**EXERCISE DESCRIPTION:** Could you retype the lines below, starting at the line holding "Self-Adhesive EVA Foam" and stopping at the line holding "Calacatta White Slabs Polished Marble Slabs", inclusive? Copy them exactly and drop the images.

**SUPPLIED DATA:**
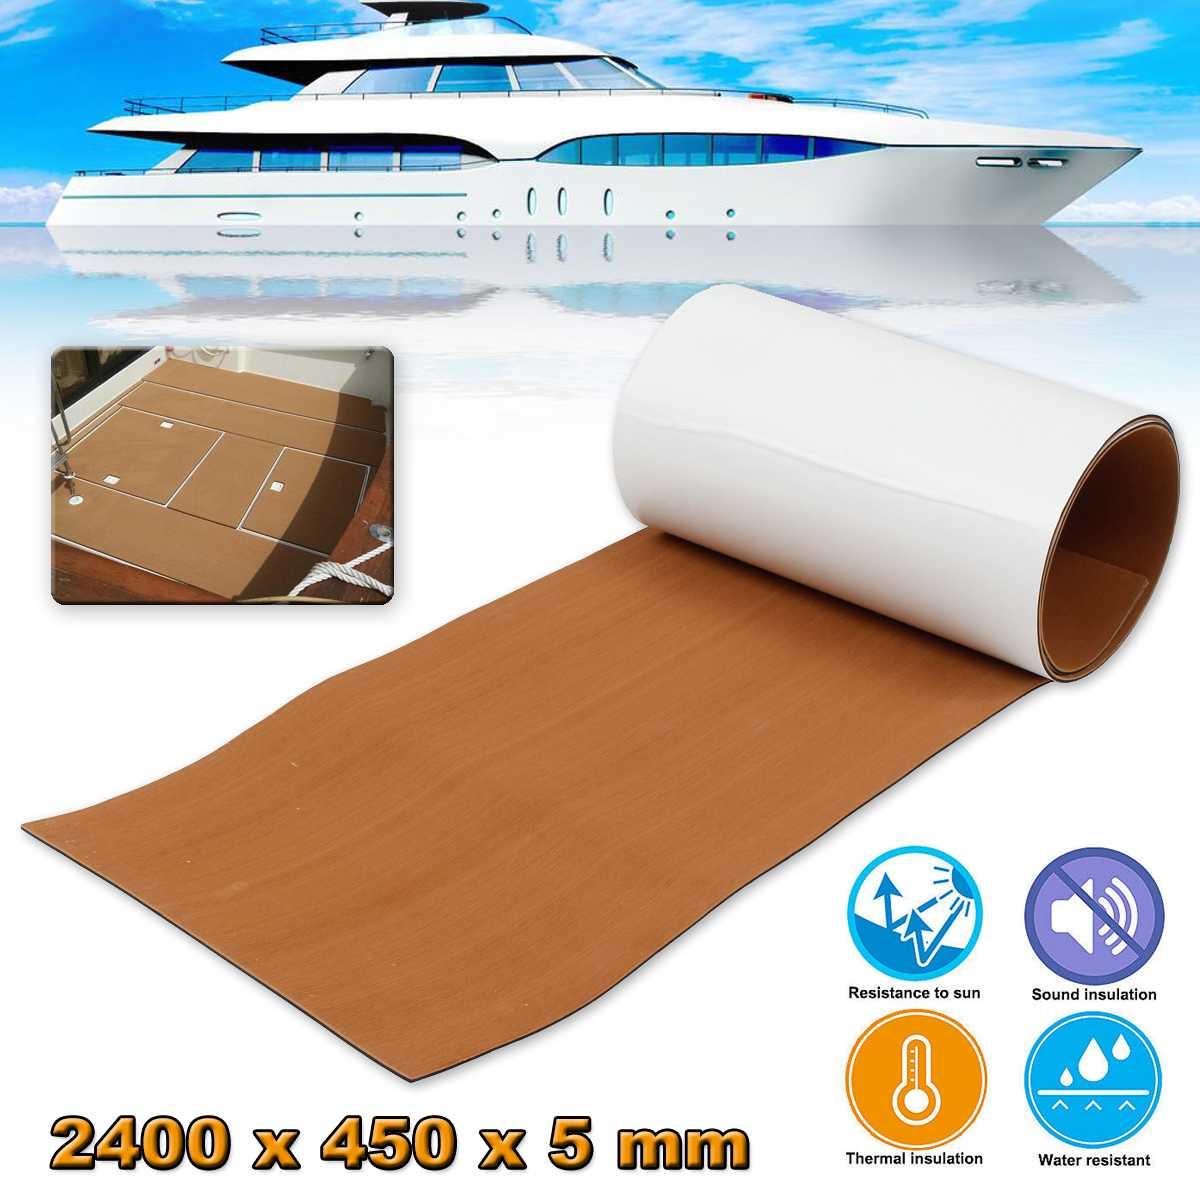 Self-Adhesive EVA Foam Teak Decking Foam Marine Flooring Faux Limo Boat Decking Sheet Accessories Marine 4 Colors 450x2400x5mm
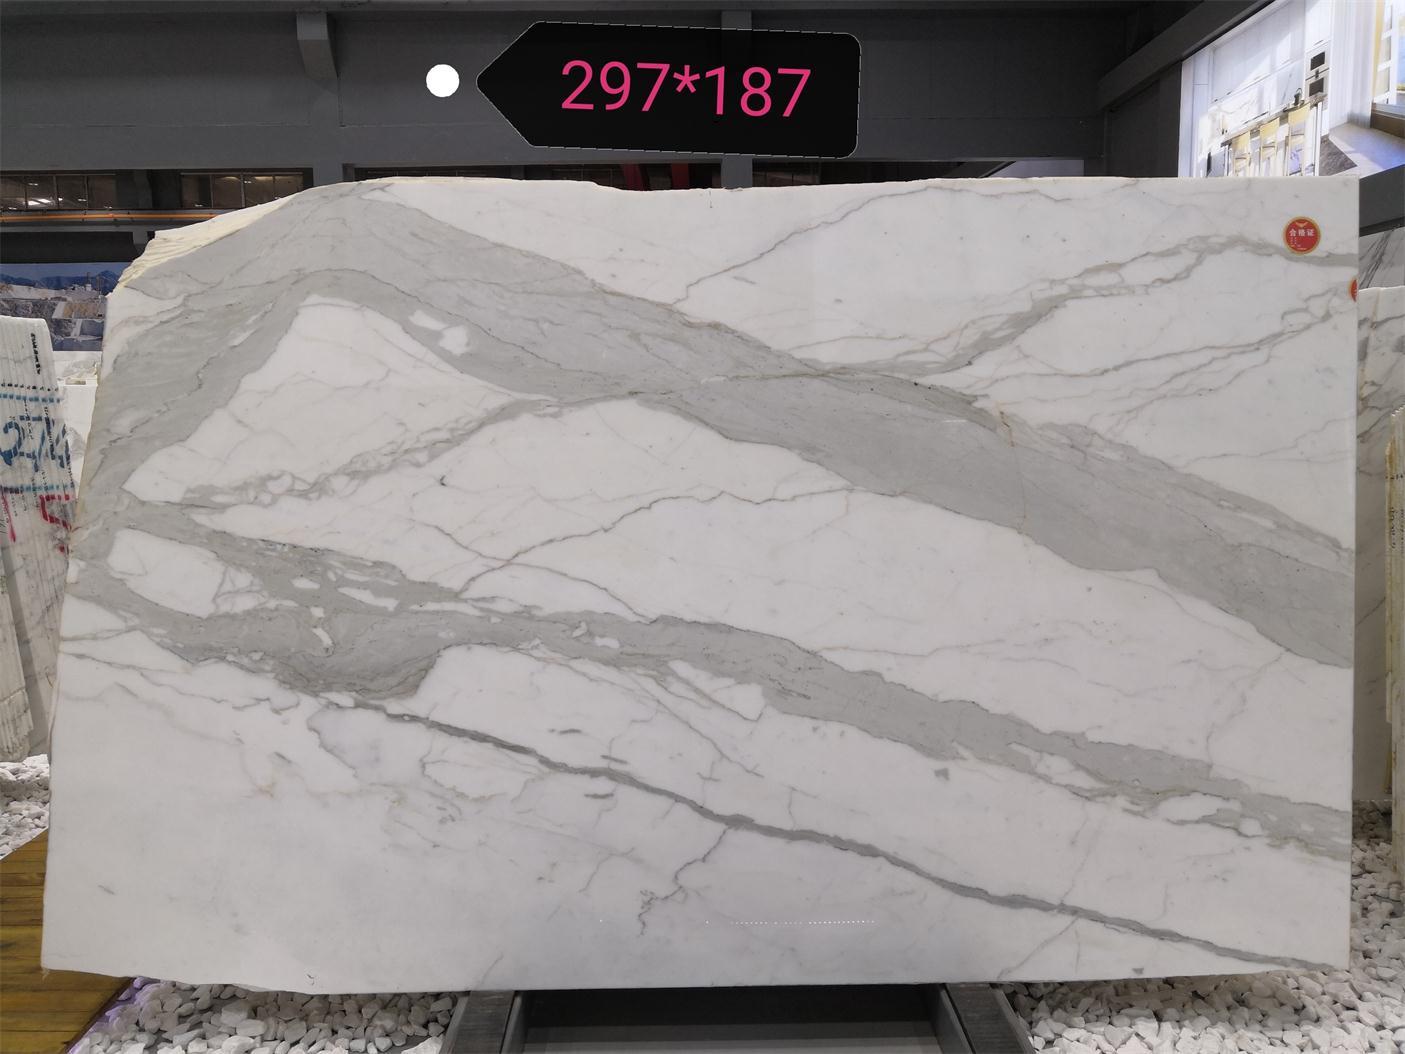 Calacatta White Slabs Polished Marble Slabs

==

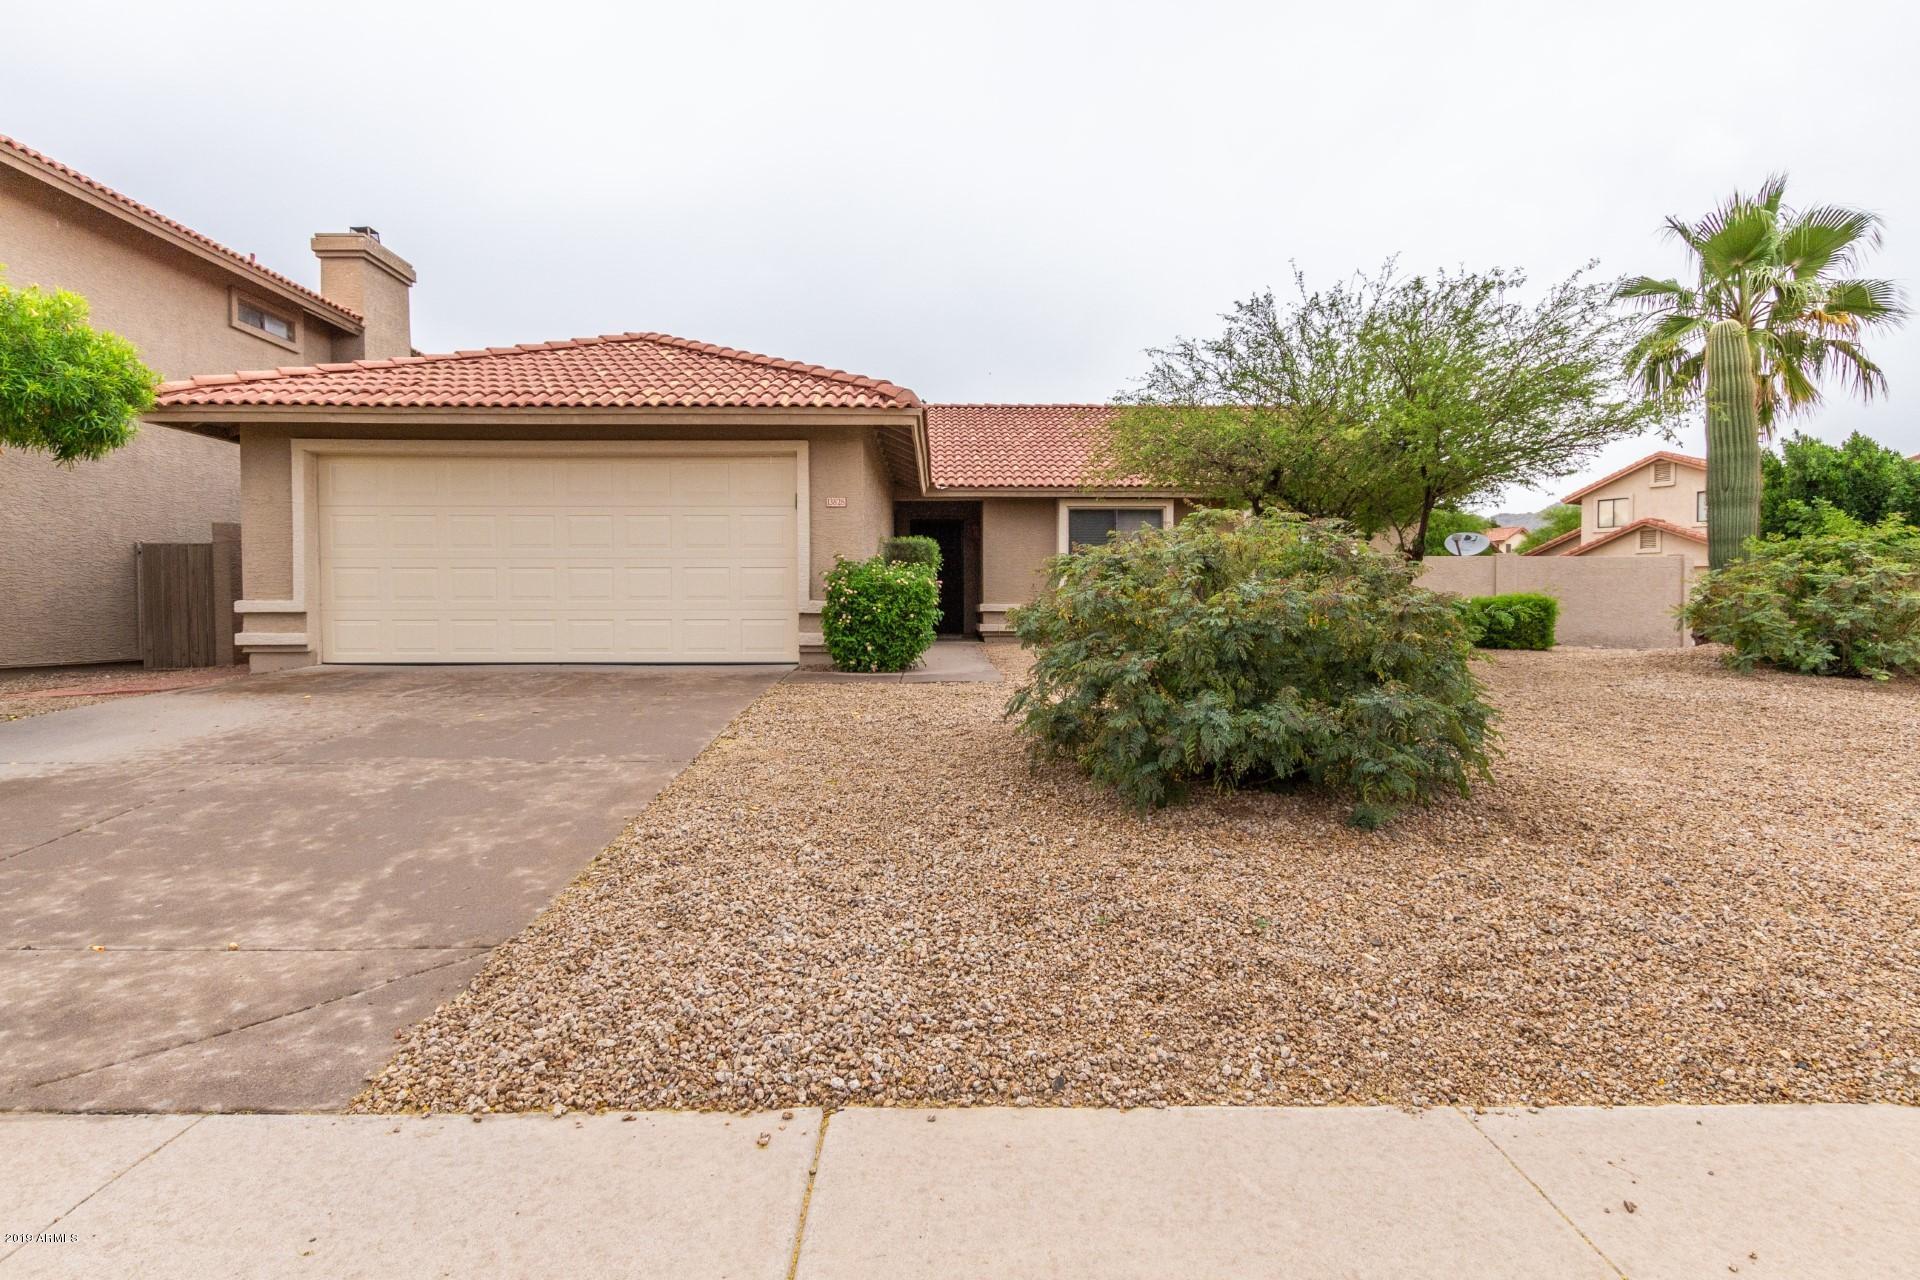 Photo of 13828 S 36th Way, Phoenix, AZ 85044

---

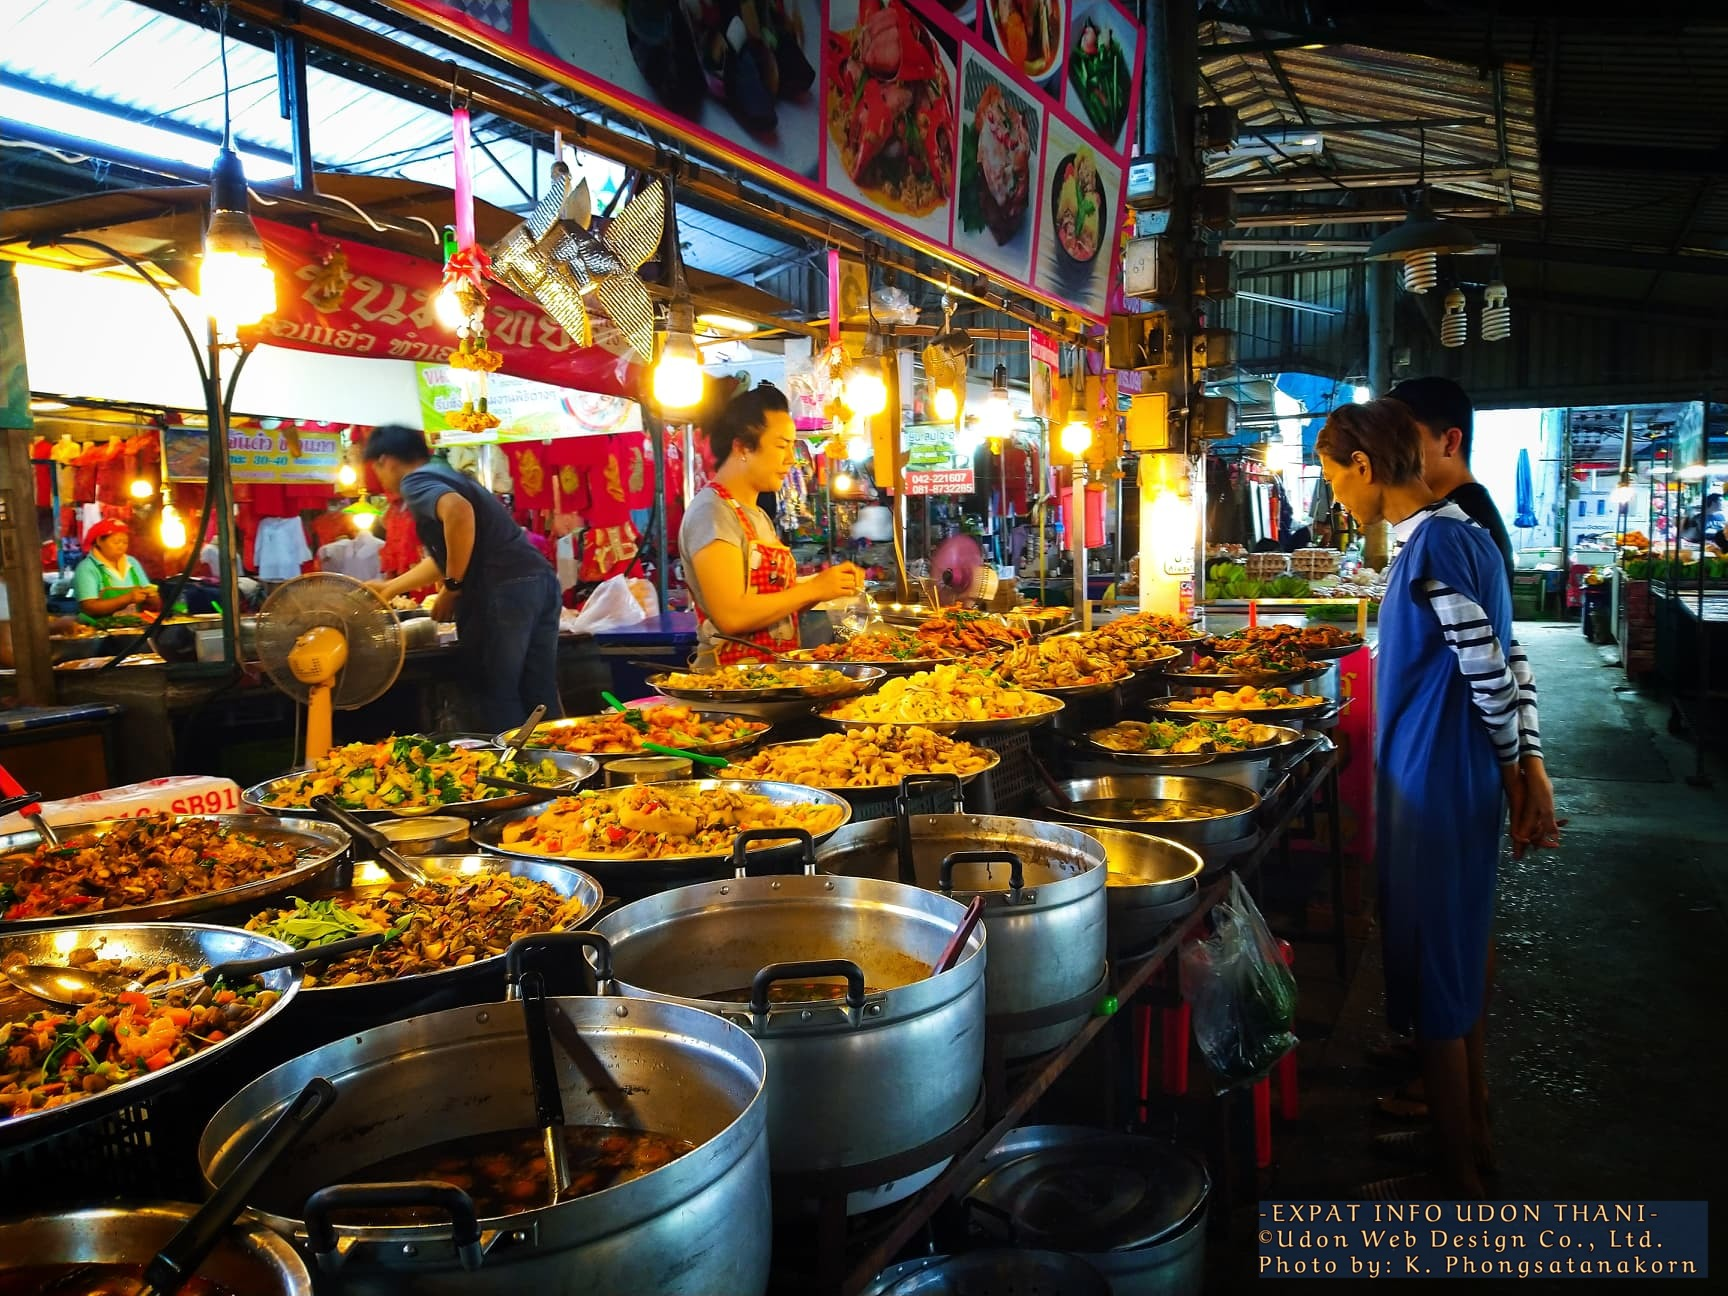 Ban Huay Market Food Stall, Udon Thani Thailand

**EXERCISE SOLUTION:**
 Self-Adhesive EVA Foam Teak Decking Foam Marine Flooring Faux Limo Boat Decking Sheet Accessories Marine 4 Colors 450x2400x5mm
 Calacatta White Slabs Polished Marble Slabs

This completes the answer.